The shifting point of view enables the reader to view some scenes through the eyes of more than one character. Unfortunately, having to read the same scene more than once slows the pace and rarely provides any new information or perspective.

Two of the four rotating points of view belong to the villains. Readers know right from the get go what motivates them to commit the crime Robyn is later accused of, and get to follow them as they run from the law. The problem with incorporating the POV of the villains in a thriller is that it kills the mystery. Half the fun of reading a mystery is trying to puzzle out the who, what, and why of a crime along with the heroes. While it is possible to write from the POV of a villain without spoiling that fun, Armstrong simply can’t pull off that gentle balancing act. Within the first few pages we know why Adele and Colm do what they do, and that makes watching Hope, Robyn, Karl and the rest of the crew figure it out something of a bore.

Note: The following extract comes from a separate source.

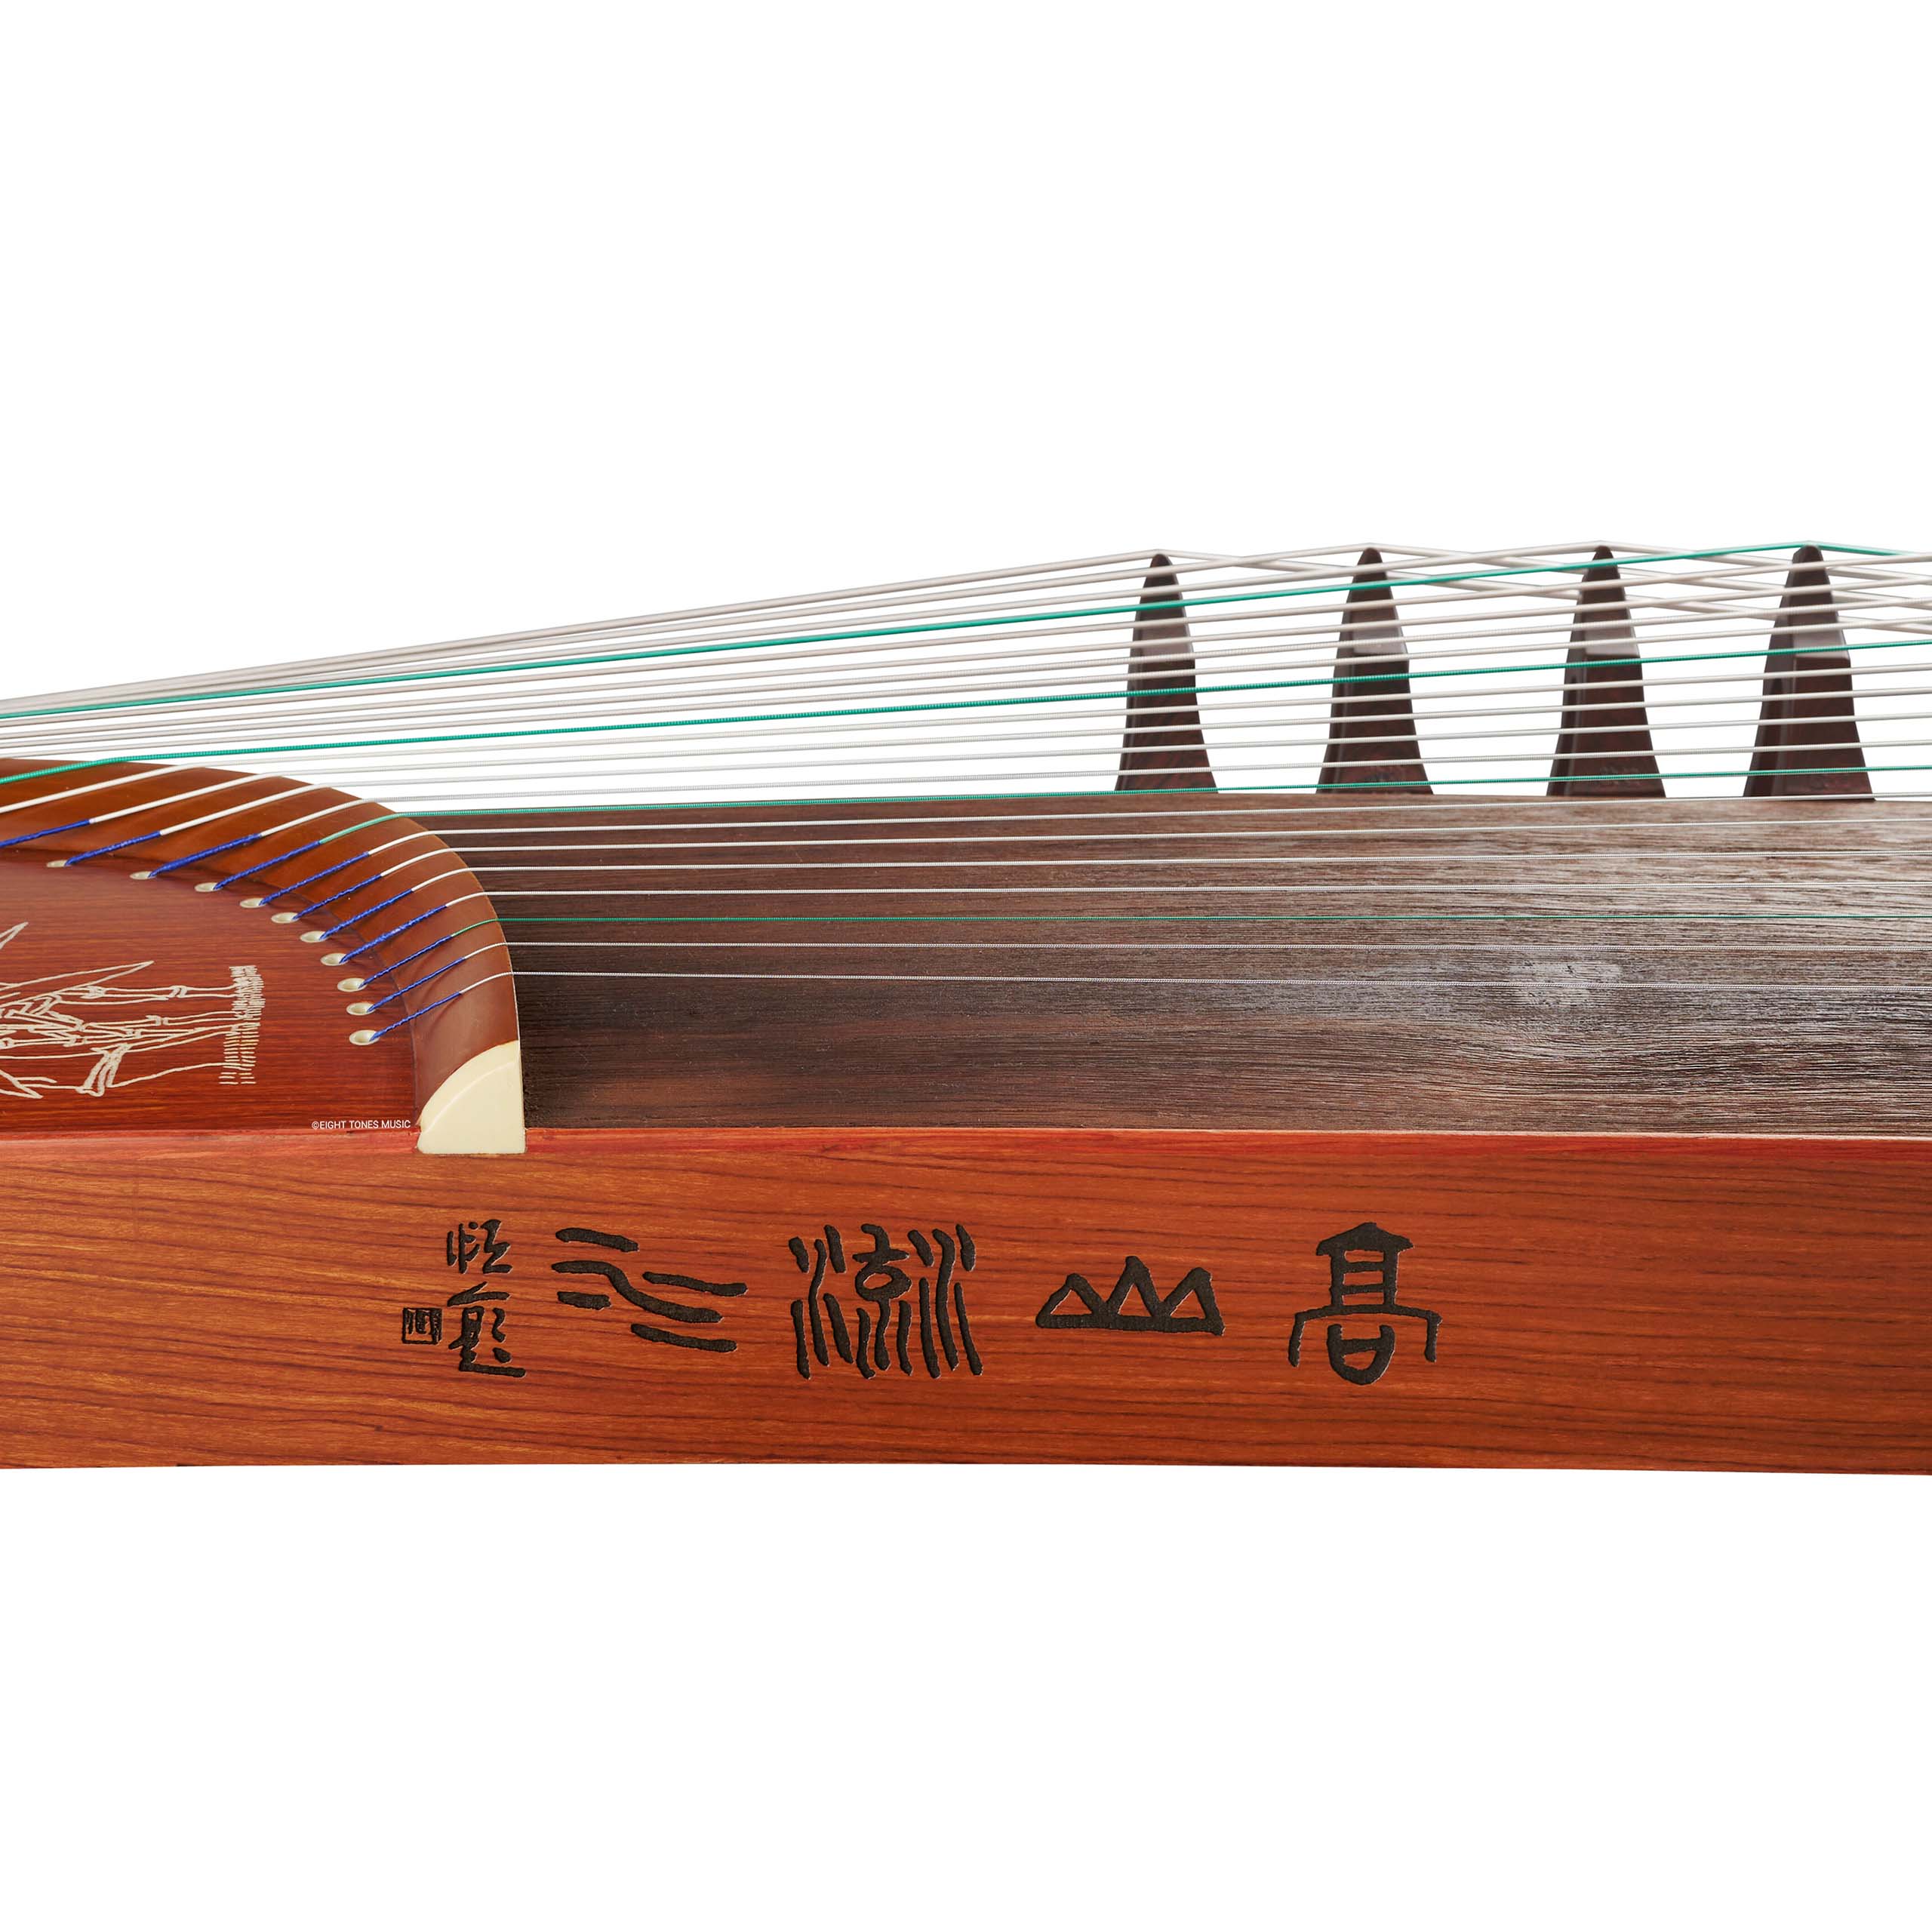 Shanghai No.1 Dunhuang 689E Bamboo Garden Guzheng Sideboard

Armstrong has been writing this series for five years. I can understand her desire to shake things up a bit by trying something new, but the risk just doesn’t pay off. Overloaded with characters it’s virtually impossible to become emotionally invested in, Living With the Dead is out of synch with the rest of the books in the series. Devoted fans should not expect fireworks out of this one, and new readers would be better served by starting out with one of the previous books in the series.